As we leave Uummannaq I wake up, get bundled in most of my layers and head up to the top deck alone in the dark morning to have another look at the Northern Lights. We’d seen them earlier from shore but away from the lights of the town they’re more spectacular. Depending on who you ask it’s God’s curtains or wafts of electrical current or spirits playing football. Watching them I feel a great joy, an expansiveness and then, moments later, as we pass an iceberg and the ship’s light blazes on it, like a dutiful hand keeping the danger at arms length, I feel my phantom tail curl under. Deep fear. Afraid of something so much bigger than me.
Do I travel to get away from myself or to find myself? Is the far-awayness of the place in direct proportion to my need to escape from my little me? They say you can find yourself in a foreign landscape. Is there an equation that can show the relationship between desire for self discovery and distance? I seem to bring along little chunks of myself stuffed in my overfull suitcase. Will I get seasick? Will I be cold? Will I lose a mitten? It only took two days for my concern about the cold weather to turn into love. That surprises me. Maybe this trip get me far enough away to lose myself, find myself and, god willing, make a difference.

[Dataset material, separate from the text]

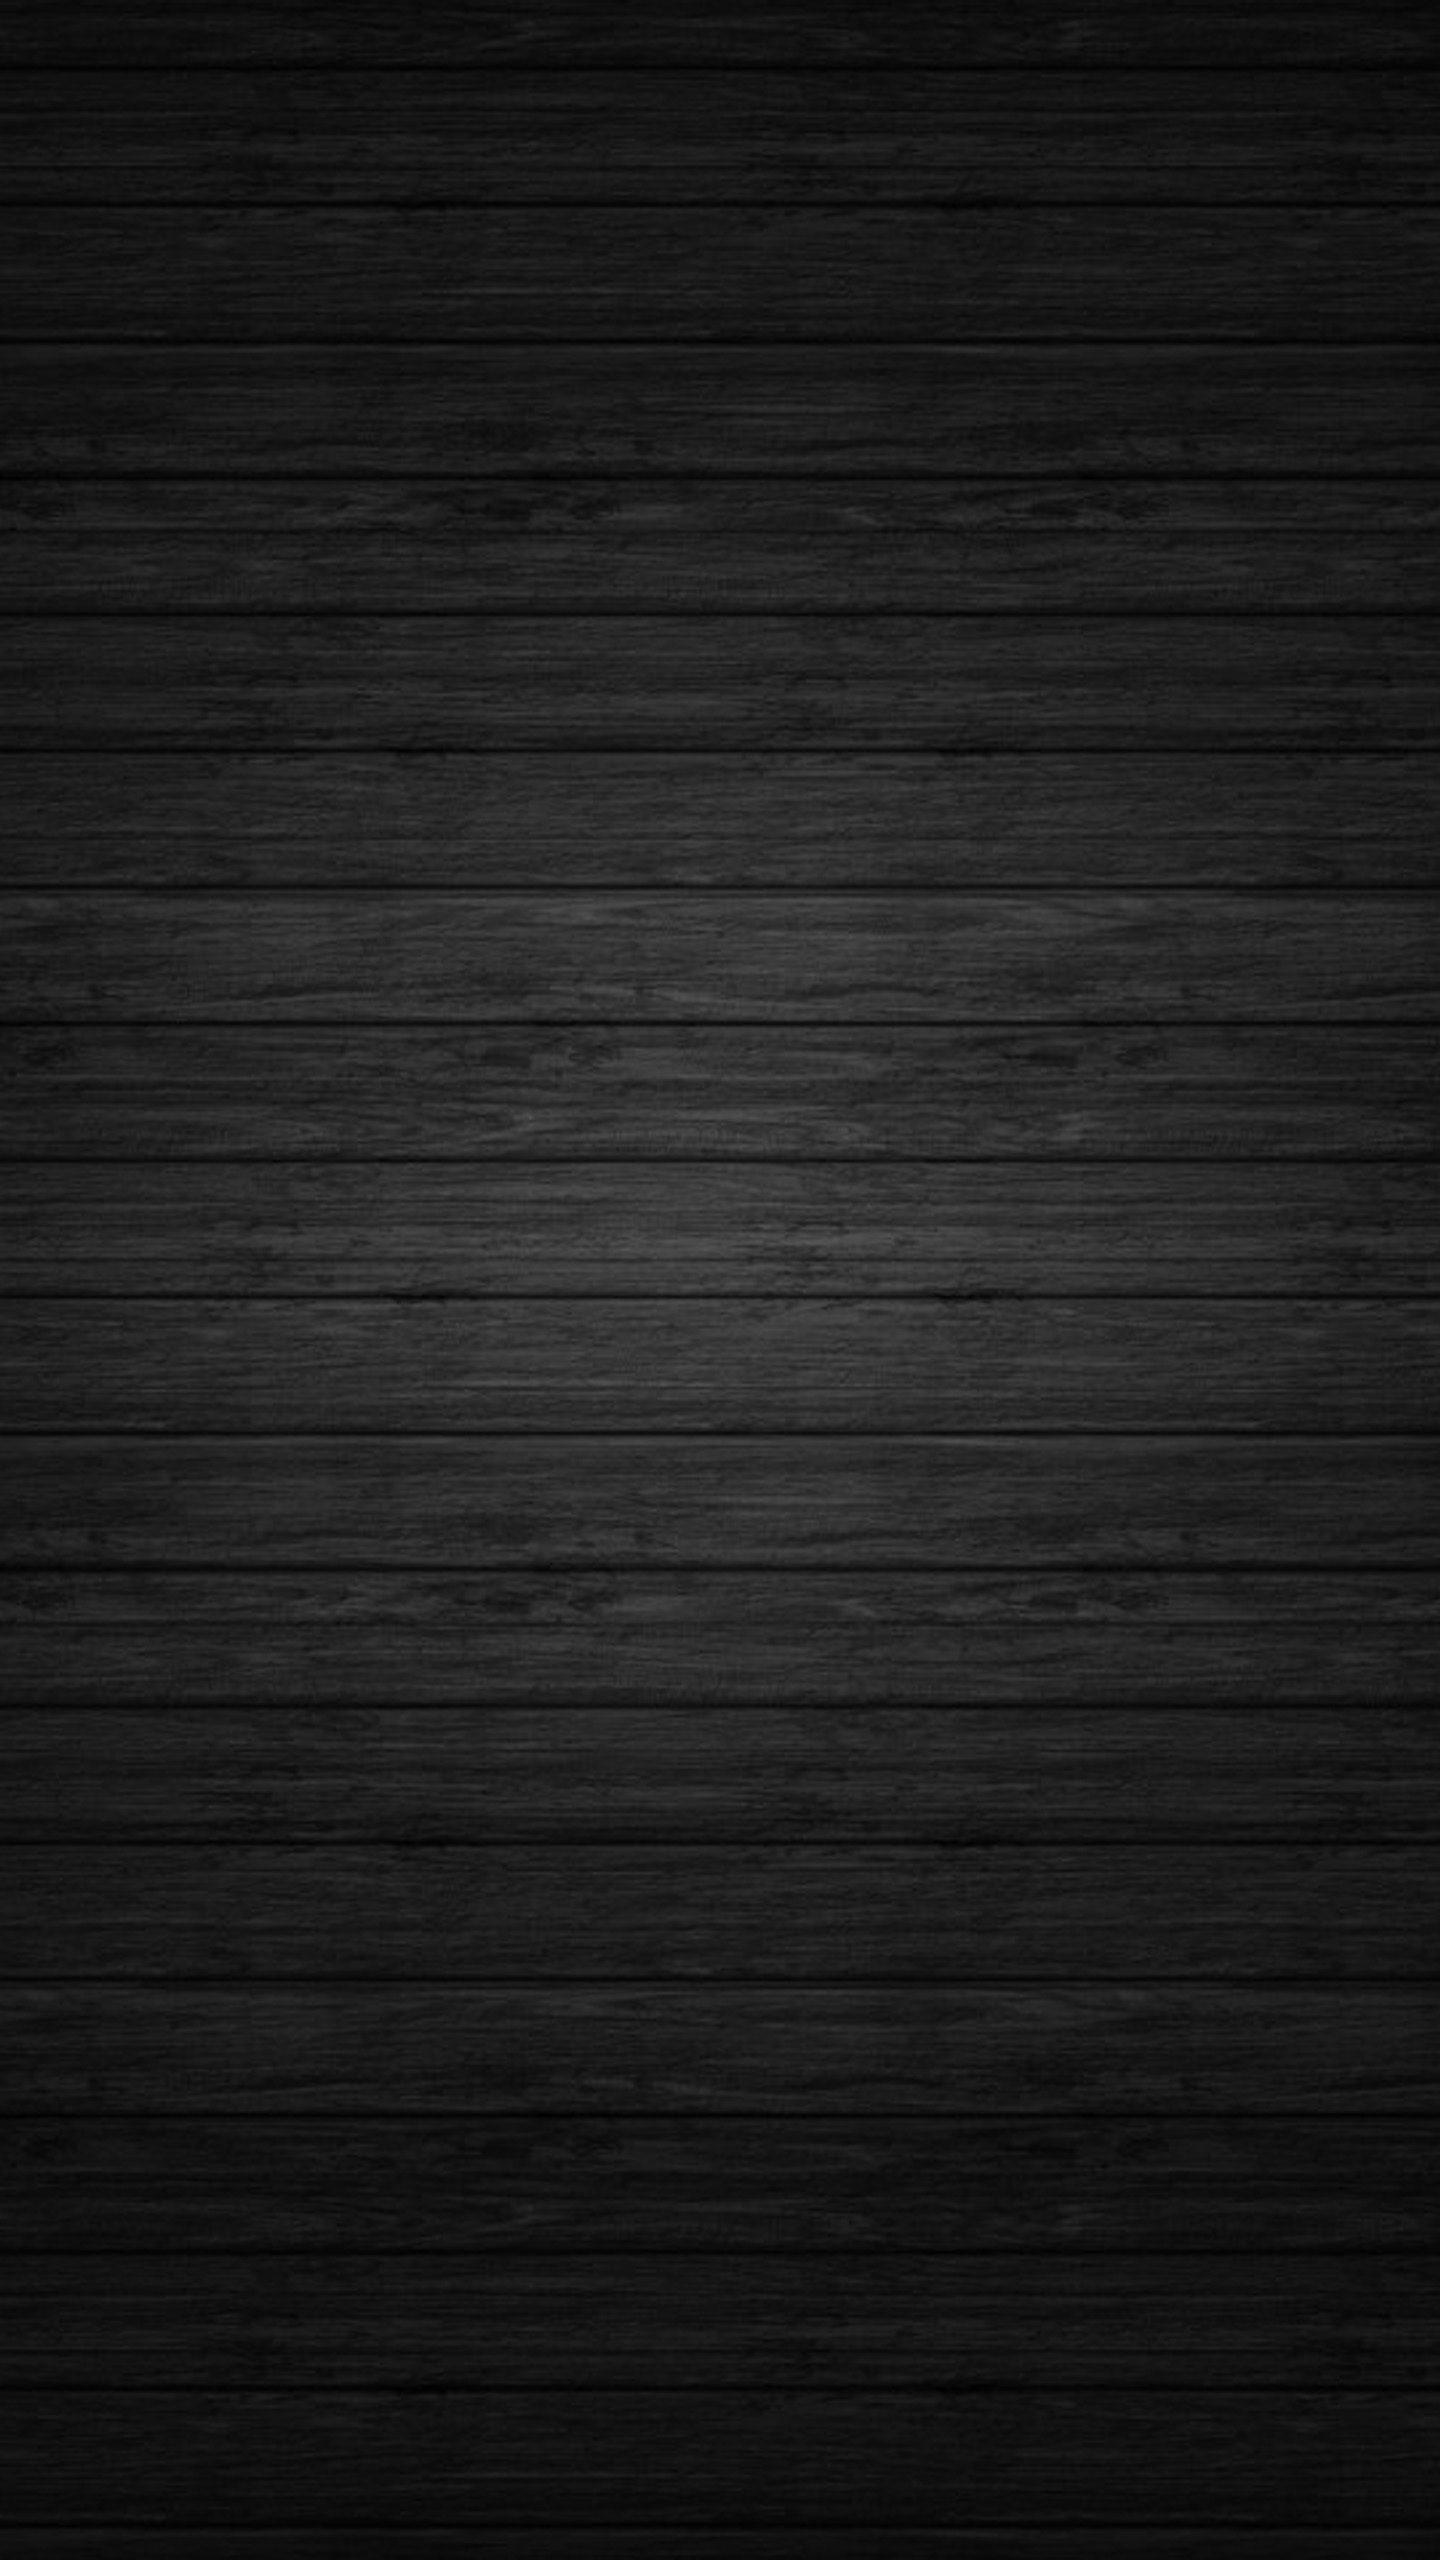 Samsung Galaxy Background Sf Wallpaper

You can make wishes on the Northern Lights, and so, standing up there alone in the cold, I make wishes. Many wishes. Even though a science book would assert there’s nothing magical about them, but I say they’re science and magic and we’re lost and found; small and enormous; possible and hopeless.
We got word that Obama is 8 points ahead in the polls. And I’ve been wearing my Obama t-shirt every day for luck (as a top layer so it’s not stinky). I’ll keep wearing it because it just may be lucky. Because who knows which of our most simple hopeful gestures can help. We are shamen in paradise, all of us, always and everywhere, afterall.